Il “miracolo” dei vini siriani

di Alessandra Bassi

 

Ho avuto l’onore, al Merano Wine Festival, di conoscere e degustare i vini della famiglia Saadé.

Vignaioli dal 1960 sono riusciti a tornare a produrre vino, riportando in vita una tradizione siriana antica, quasi scomparsa durante il dominio musulmano. Il loro è il primo progetto siriano per la rinascita del vino di qualità. Dal 2003 hanno piantato viti alle pendici dei monti  Al-Ansariyah, nel Nord-Ovest del Paese. Tre anni dopo, la prima vendemmia. Con l’aiuto di  Stéphane Derenoncourt, il consulente francese che lavora per importanti cantine a Bordeaux, per Francis Ford Coppola nella Napa Valley e per Tenuta Argentiera a Bolgheri, Toscana.

“Durante la stagione della maturazione, quando sono in Libano, le uve provenienti dalla Siria arrivano in taxi”. Ogni due o tre giorni viene organizzato un viaggio in Libano per portare i campioni delle uve, conservate grazie al ghiaccio, all’enologo e alla sua squadra di tecnici.

Una cantina da 600 mila bottiglie l’anno

L’azienda non è stata presa di mira durante gli ultimi due anni del conflitto ha, oggi, 60 operai stagionali, assieme ai 15 dipendenti fissi nella tenuta di 20 ettari. La vendemmia è prevista tra ottobre e novembre. Nonostante tutto gli investimenti non si fermano: verranno piantati nuovi vigneti. “Il vino ci ha legato a questa terra – spiega Karim Saadé – non possiamo fare i bagagli e chiudere tutto”.

Il cuore di Château Bargylus è una cantina da 600 mila bottiglie l’anno, le uve sono Cabernet Sauvignon, Syrah e Merlot per i rossi, Chardonnay e Sauvignon per i bianchi. La famiglia Saadé ha origini greco ortodosse. Sia i bianchi che i rossi si attestano sui 14 gradi. Degustando i rossi troveremo profumi mediterranei, soprattutto cedro e eucalipto; mentre i bianchi sono freschi, fruttati e salini.

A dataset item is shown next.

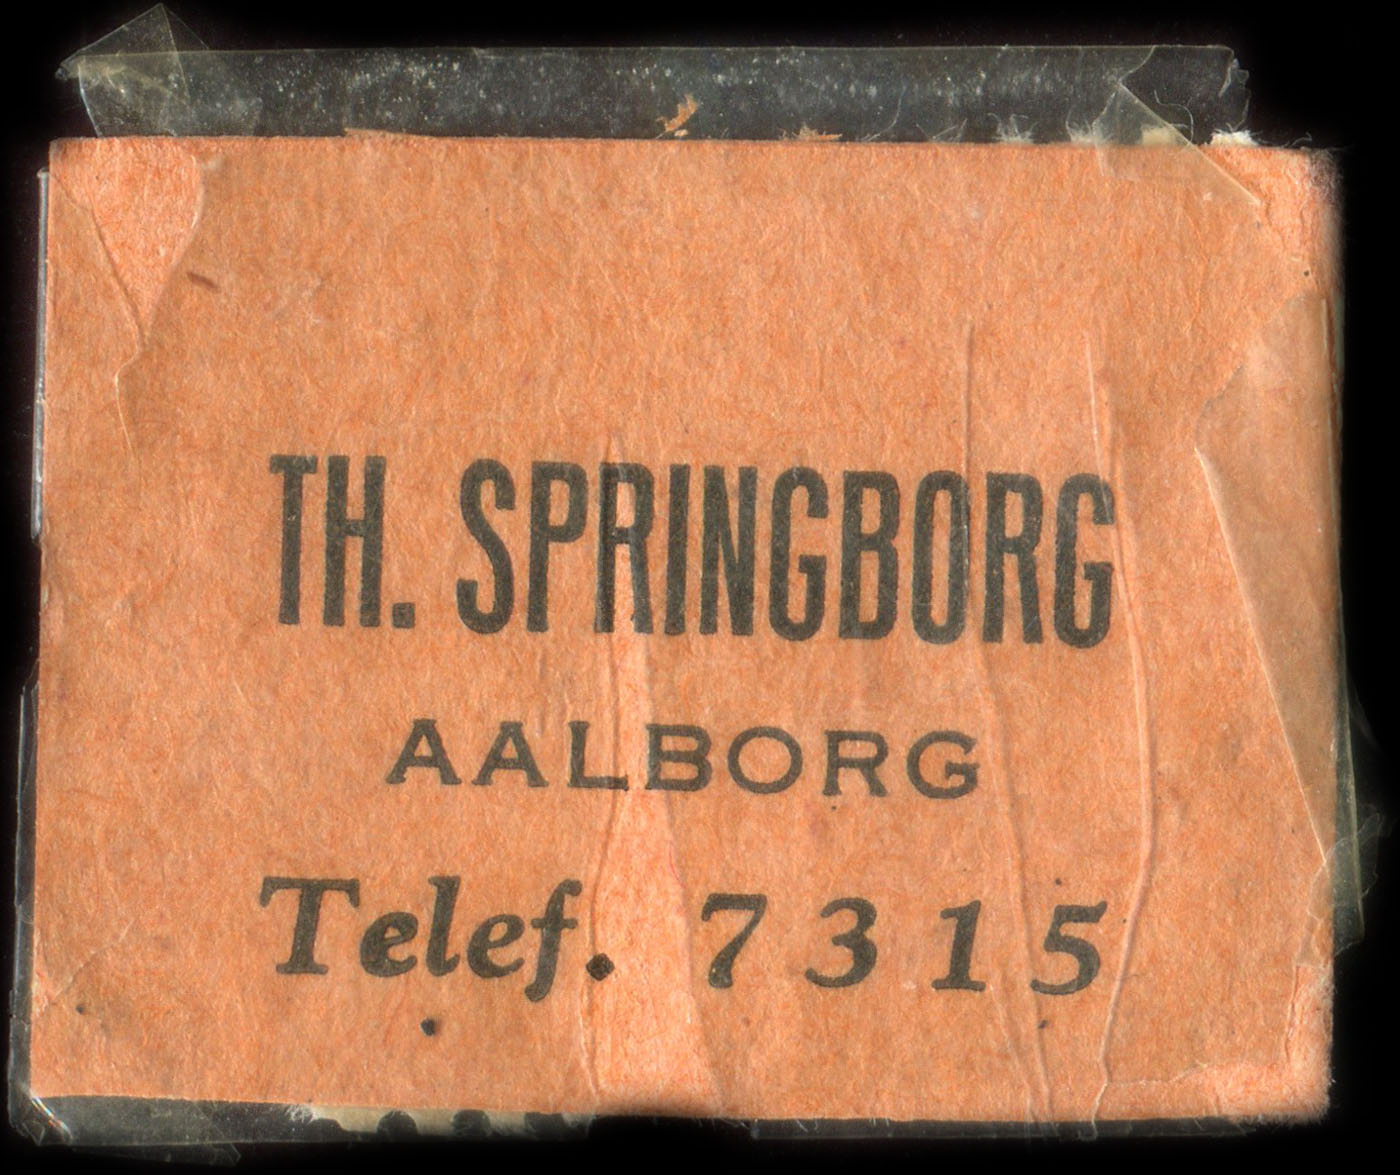 Timbre-monnaie Th. Spingborg - Aalborg - Telef. 7315 - Danemark

I fratelli Saadé sostengono che se anche avessero avuto il sospetto, dieci anni fa, di quello che sarebbe successo in Siria, sarebbero tornati lo stesso per impiantare vigneti. Una tenacia degna del sonetto al vino, un tempo cantato “dall’arabo e dal persiano”, da Jorge Luis Borges nel Sonetto al vino: “Nella notte del giubilo e nell’infausto giorno \ esalta l’allegria o attenua la paura \ e questo ditirambo nuovo che oggi gli canto\  lo intonarono un giorno l’arabo e il persiano”.